The impact of metallicity on the Cepheid Leavitt law (LL) and, in turn, the Hubble constant, has been the subject of much recent debate. Here, we present a comprehensive analysis of metallicity effects on Cepheid LLs based on synthetic Cepheid populations computed using Geneva models and the SYCLIST tool. We computed 296 co-eval populations in the age range of 5-300 Myr for metallicities representative of the Sun, the LMC, and the SMC ($Z \in [0.014, 0.006, 0.002]$). We computed LLs in fourteen optical-to-infrared passbands and five reddening-free Wesenheit magnitudes.

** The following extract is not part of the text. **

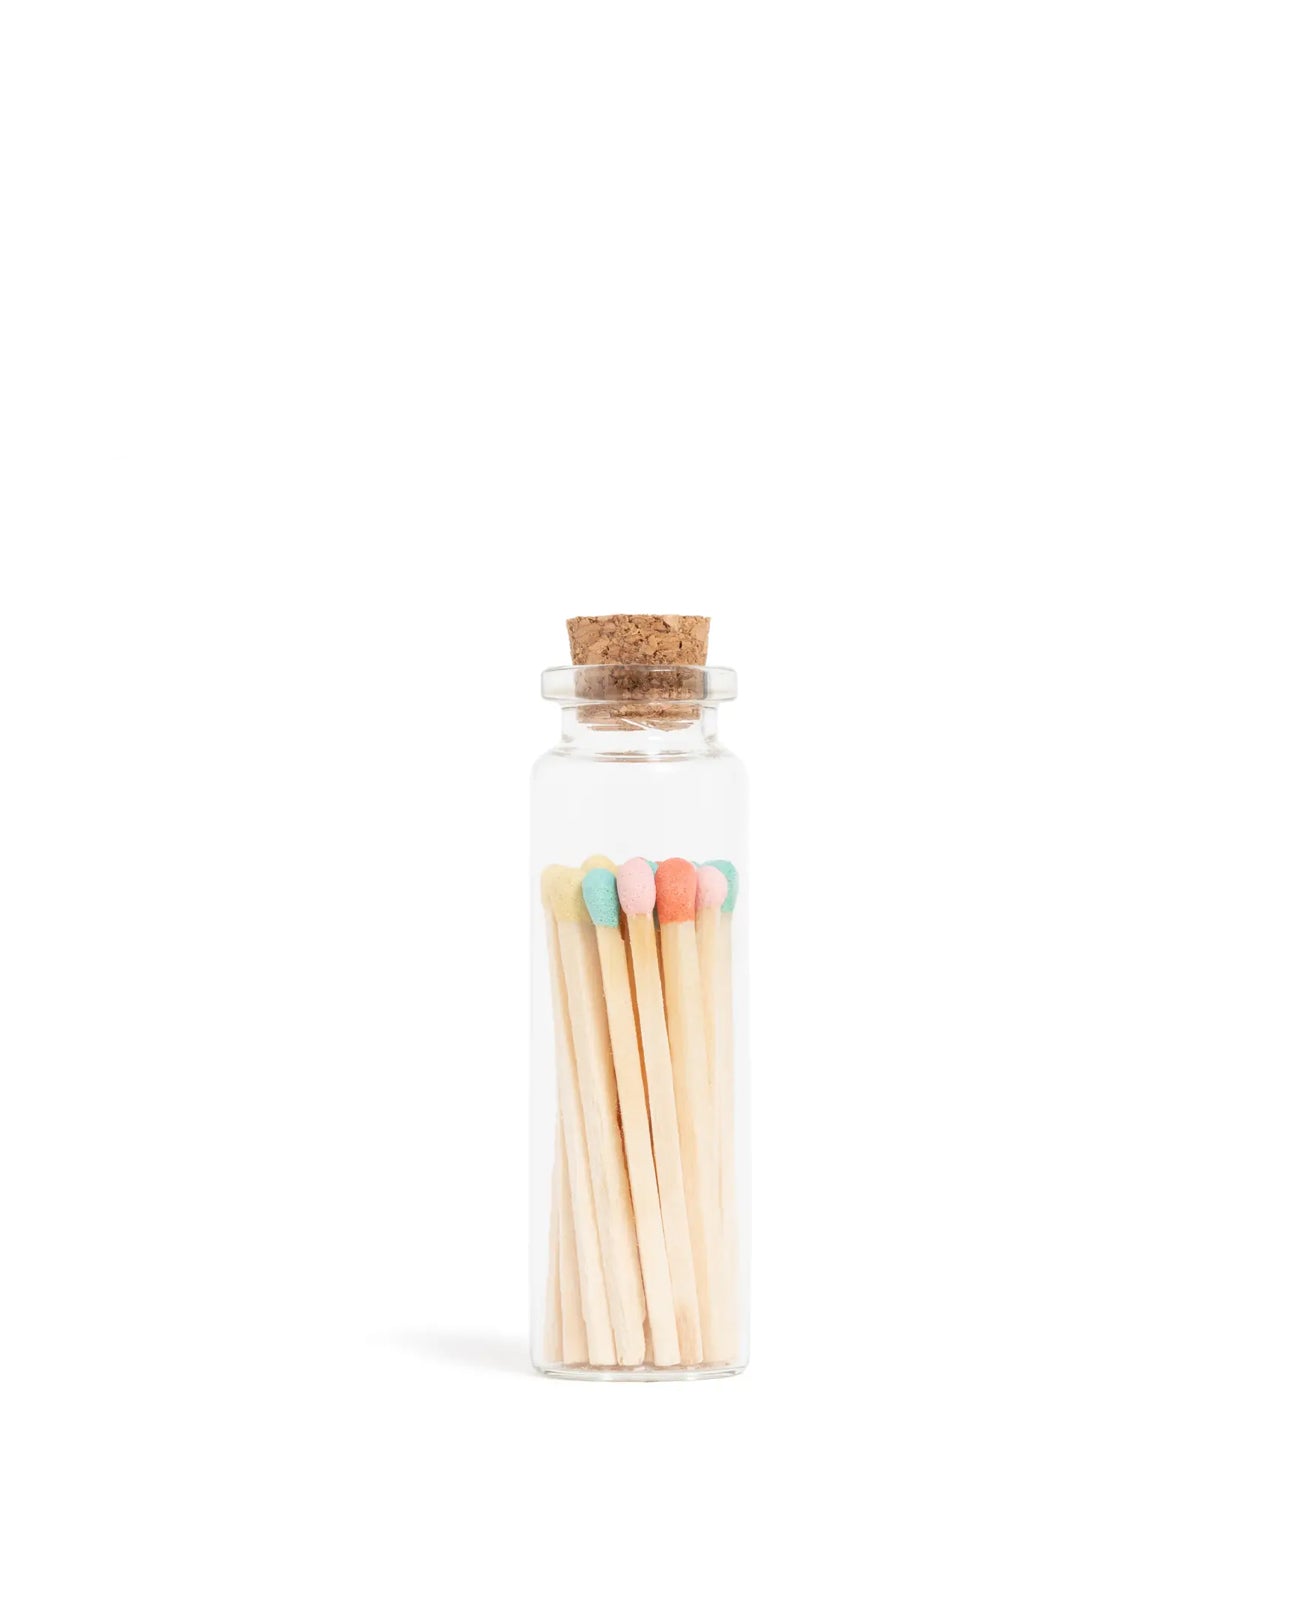 9 CHRISTOPHER Colored Matches in Corked Glass Vial

All Cepheid populations take into account distributions of rotation rates and companion stars. We show excellent agreement between the predicted populations and key observational constraints from the literature. Our simulations predict a significant LL slope-metallicity dependence ($\beta_{\rm M} > 0$) that renders LLs steeper at lower metallicity at all wavelengths. Importantly, $\beta_{\rm M} \ne 0$ implies that the intercept-metallicity dependence, $\alpha_{\rm M}$, depends on pivot period; an issue not previously considered. Comparison with $\alpha_{\rm M}$ measurements in individual passbands reported in the literature yields acceptable agreement on the order of agreement found among different observational studies. The wavelength dependence and magnitude of the disagreement suggests a possible origin in reddening-related systematics. Conversely, we report excellent agreement between our $\alpha_{\rm M} = -0.20 \pm 0.03$ mag dex$^{-1}$ and the value determined by the SH0ES distance ladder in the reddening-free H-band Wesenheit magnitude ($-0.217 \pm 0.046$), the currently tightest and conceptually simplest empirical constraint.